Мне стало страшно, и я чуть было не вернулась назад. Самолюбие вдруг зашевелилось. Я чуть не бегом прошла остальную половину коридора, подняла занавес, отделявший конюшни от арены, несмотря на темноту перескочила барьер, пробежала через весь цирк мимо буфета, к боковой выходной двери. Здесь были широкие холодные сени, из которых дверь вела в сарай — квартиру Блэка и его львов.

Этот сарай отапливался двумя большими железными печами и был освещен. Хозяин ждал уже меня, во всем блеске своего величия: на нем было его золотистое кольчужное трико и даже все ордена и медали были налицо.
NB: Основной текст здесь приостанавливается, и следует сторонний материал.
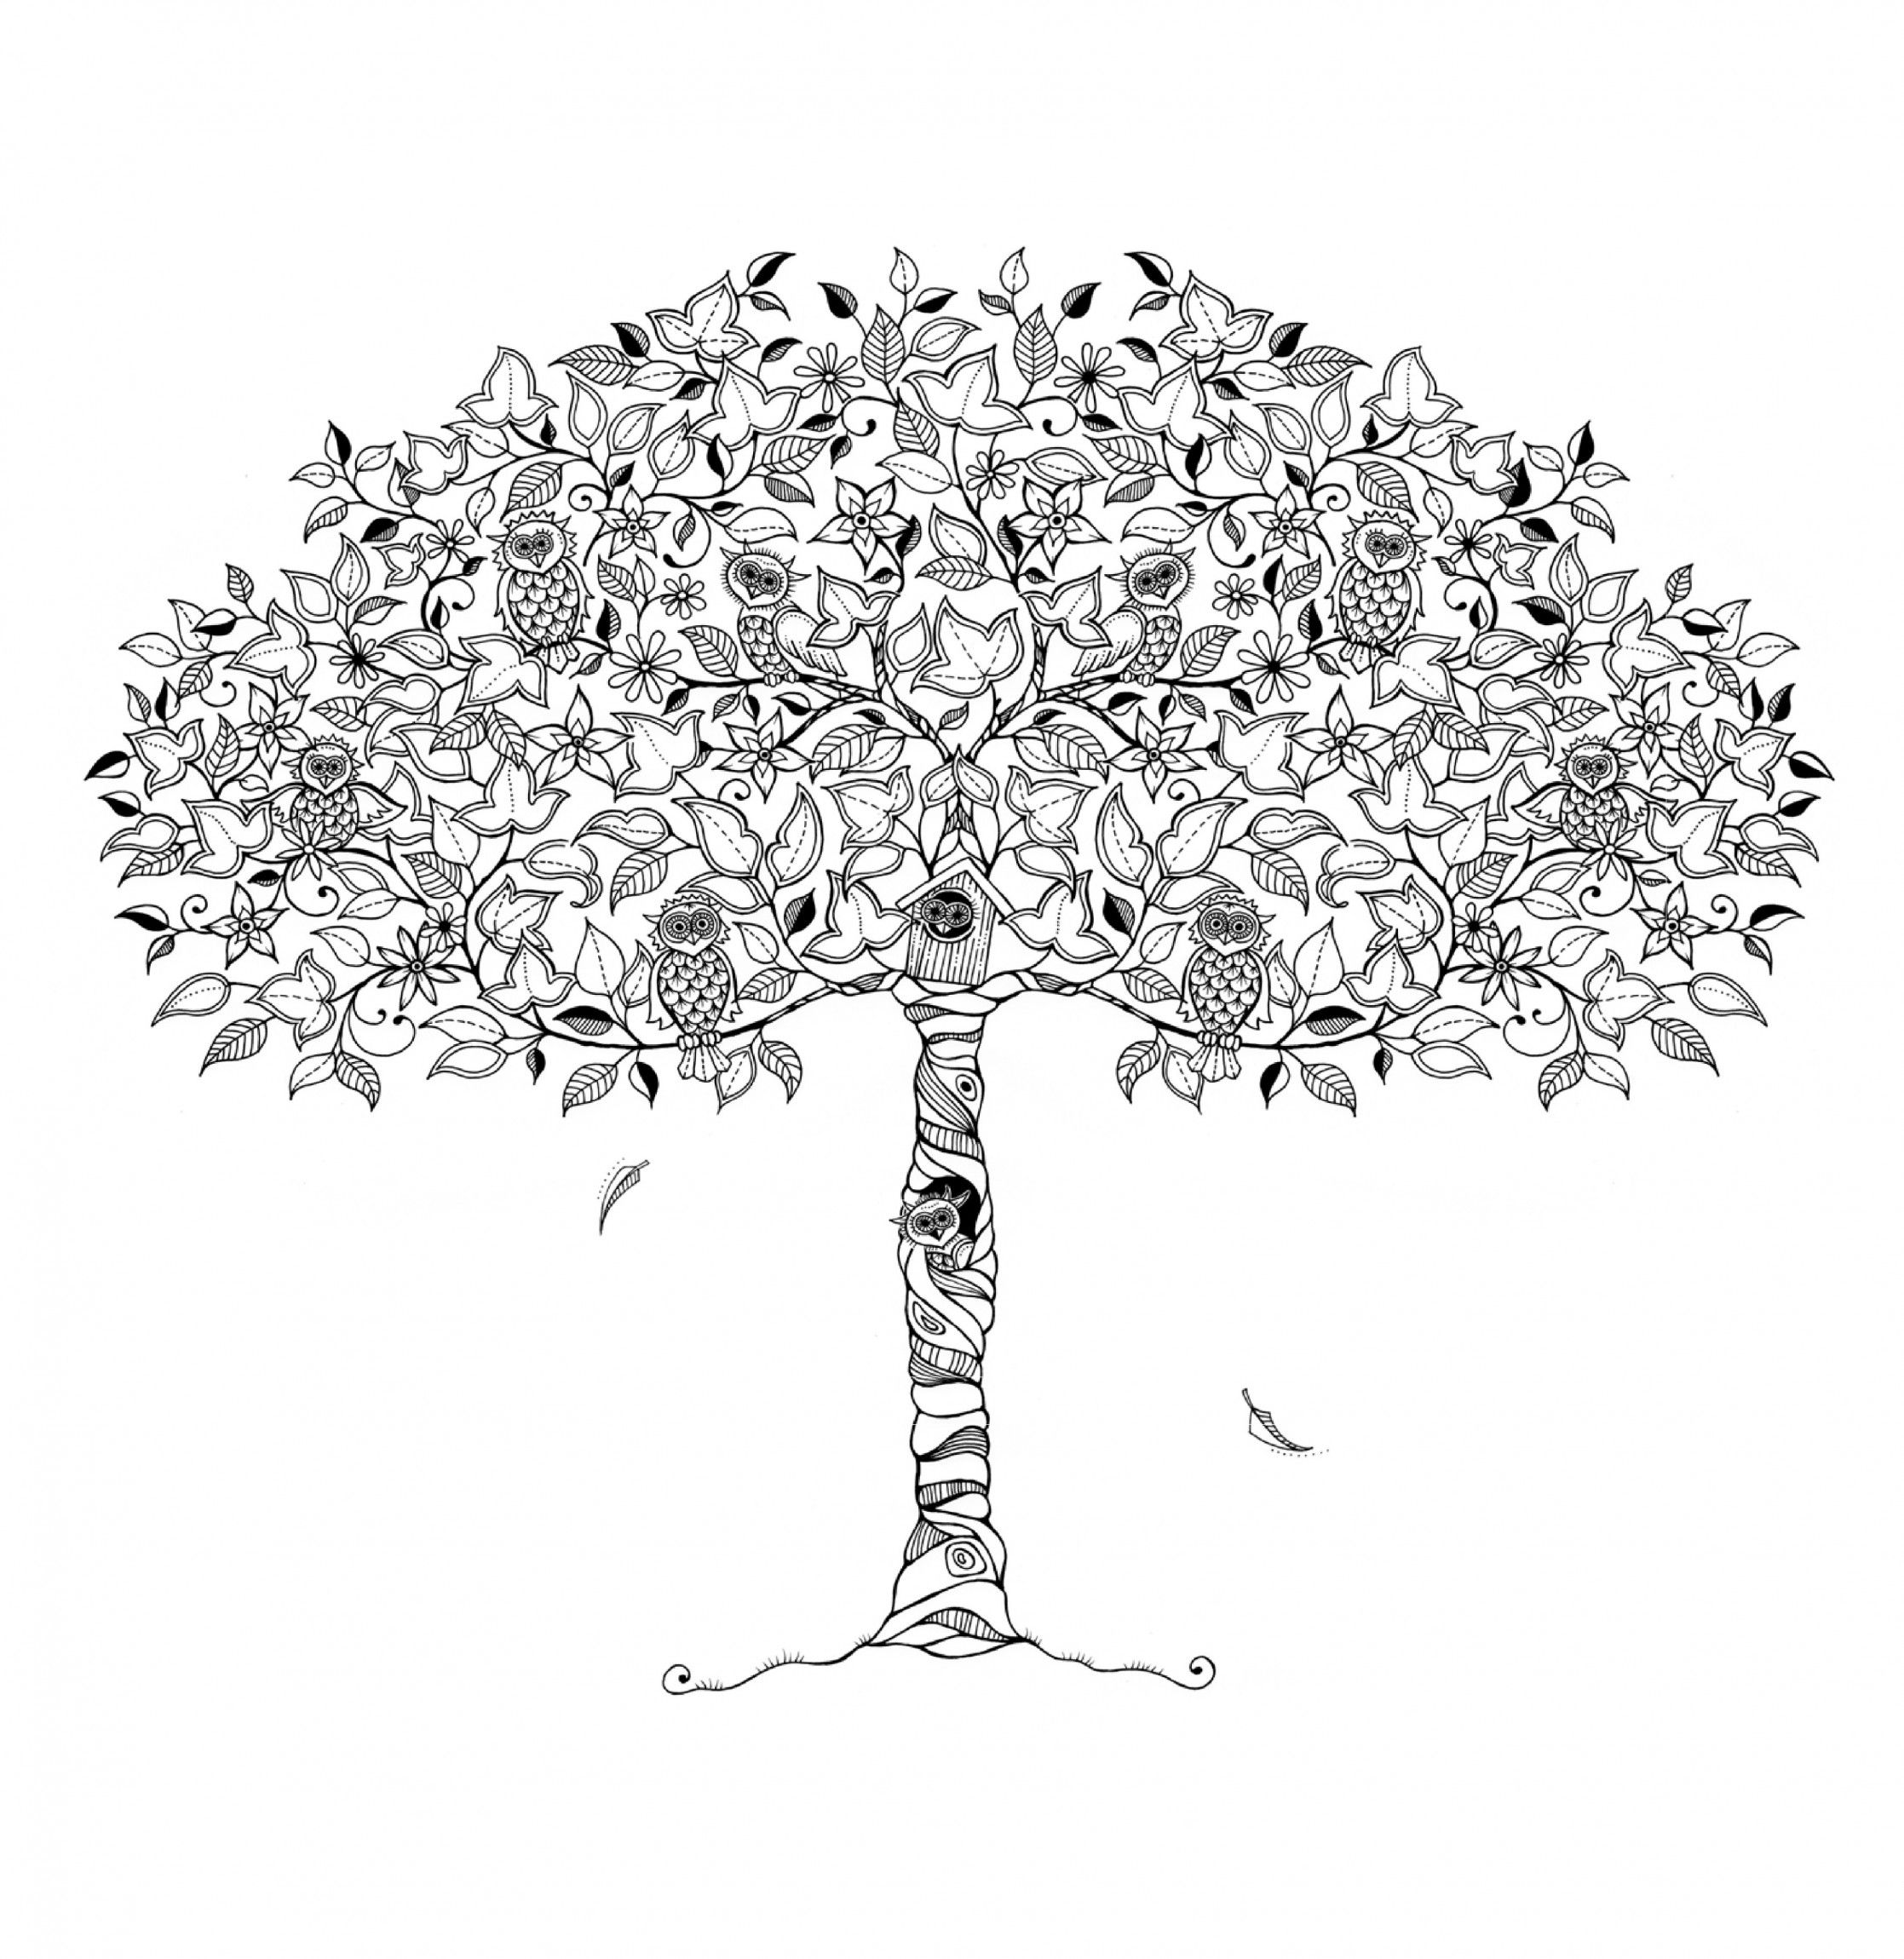 We've got a free download from Secret Garden Artist's Edition: A Pull-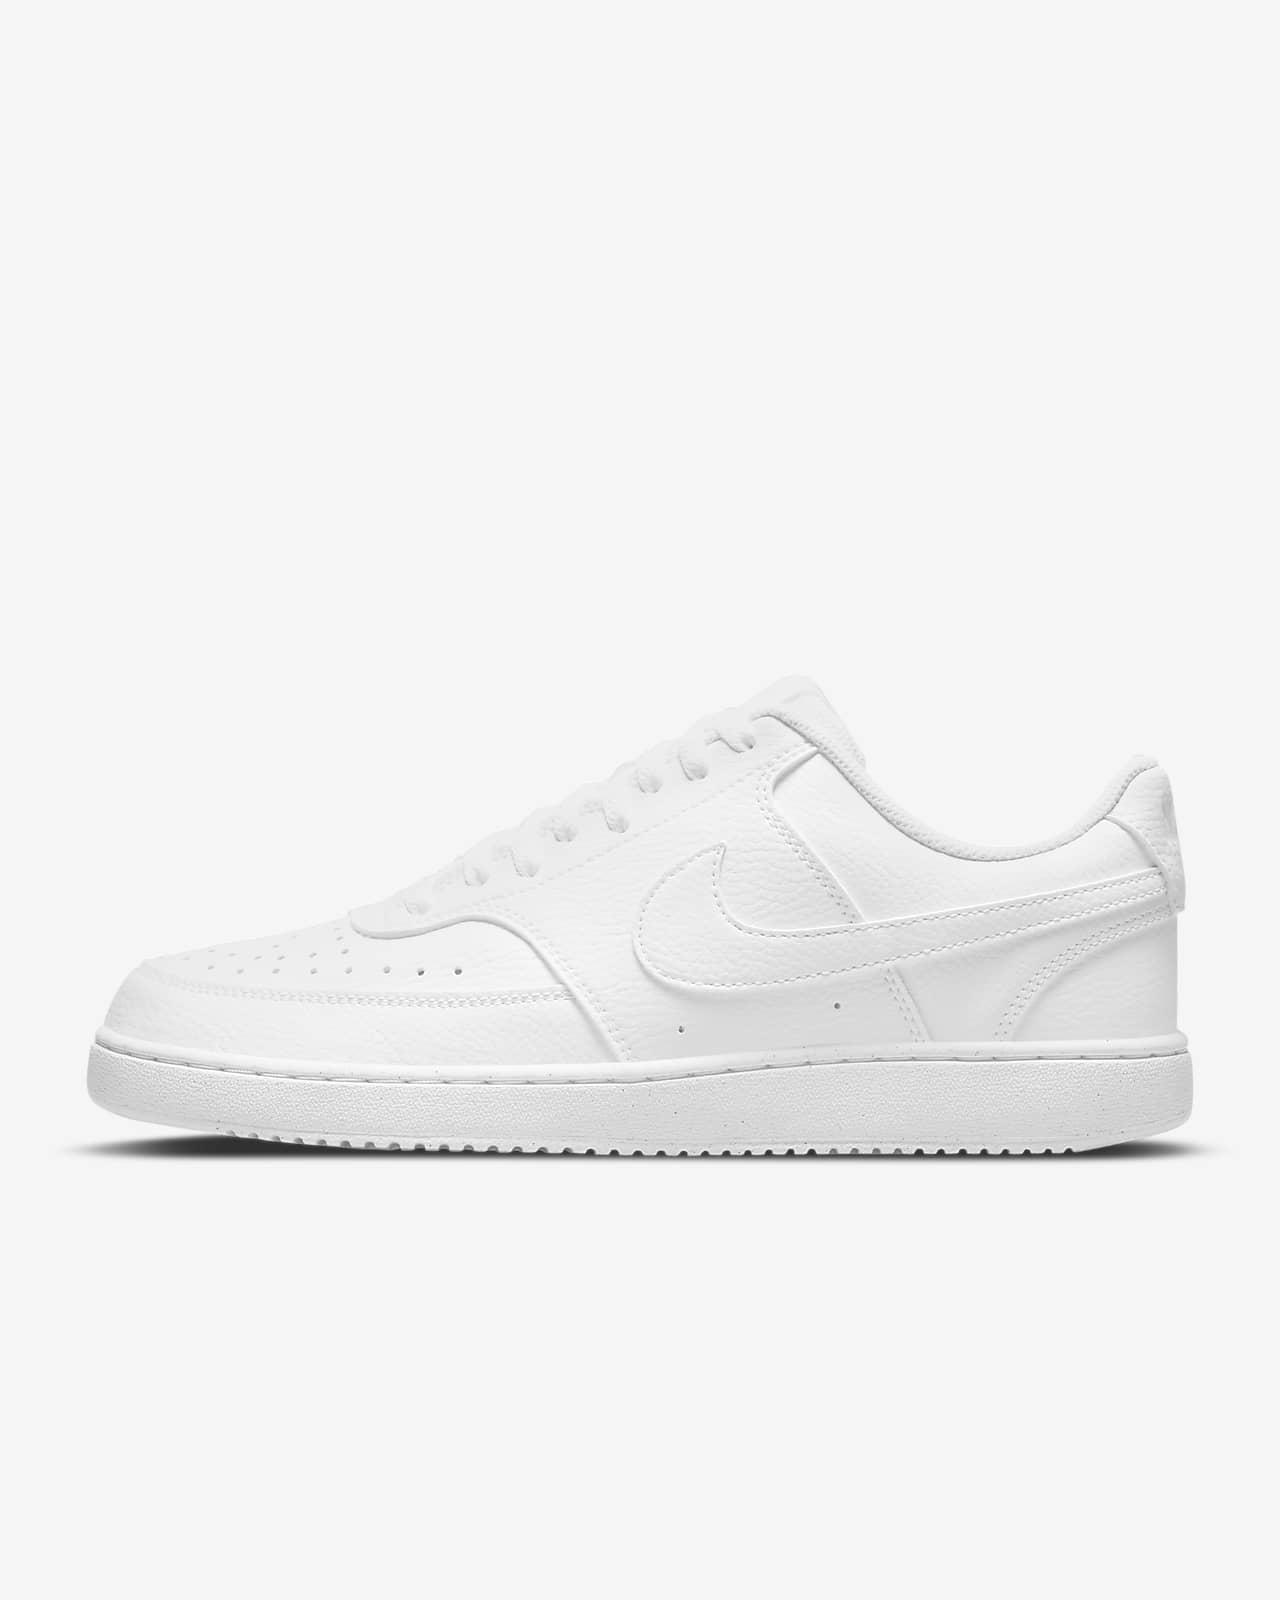 Nike Court Vision Low Next Nature Men's Shoes

При моем входе он важно раскланялся, подал мне руку, сказав:

— Это хорошо! — и запер дверь на ключ.

— Это зачем? — спросила я, немного, по правде сказать, струсив.

— Так надо! — ответил Блэк.

Из угла сарая, за драпировкой из старой декорации, слышался тяжелый храп с присвистом.

— Там спит моя пьяница, — пояснил мне хозяин эти неграциозные звуки. — Она очень крепко спит, ее можно изрезать на куски, и она не проснется... Я ее могу, если хотите, отдать скушать львам, и она очнется разве уже в их желудках... Хотите, я это сделаю?

— Нет. Ради Бога!.. Что вы!..

Я поверила, что он это способен сделать, и меня охватил положительный ужас, даже отчаяние.

— Ха, ха!.. Нет, я этого не сделаю; это может испортить мою дрессировку... нарушить и подорвать дисциплину... я этого не буду делать... это вредно для моих львов. Ну, начинаем!.. Сбросьте ваше манто!

Я последовала его приказанию и очутилась в трико и в короткой испанской юбочке... Негр посмотрел на меня такими глазами, что глаза Абделькадера мне показались гораздо кротче в сравнении с этим ужасным взглядом...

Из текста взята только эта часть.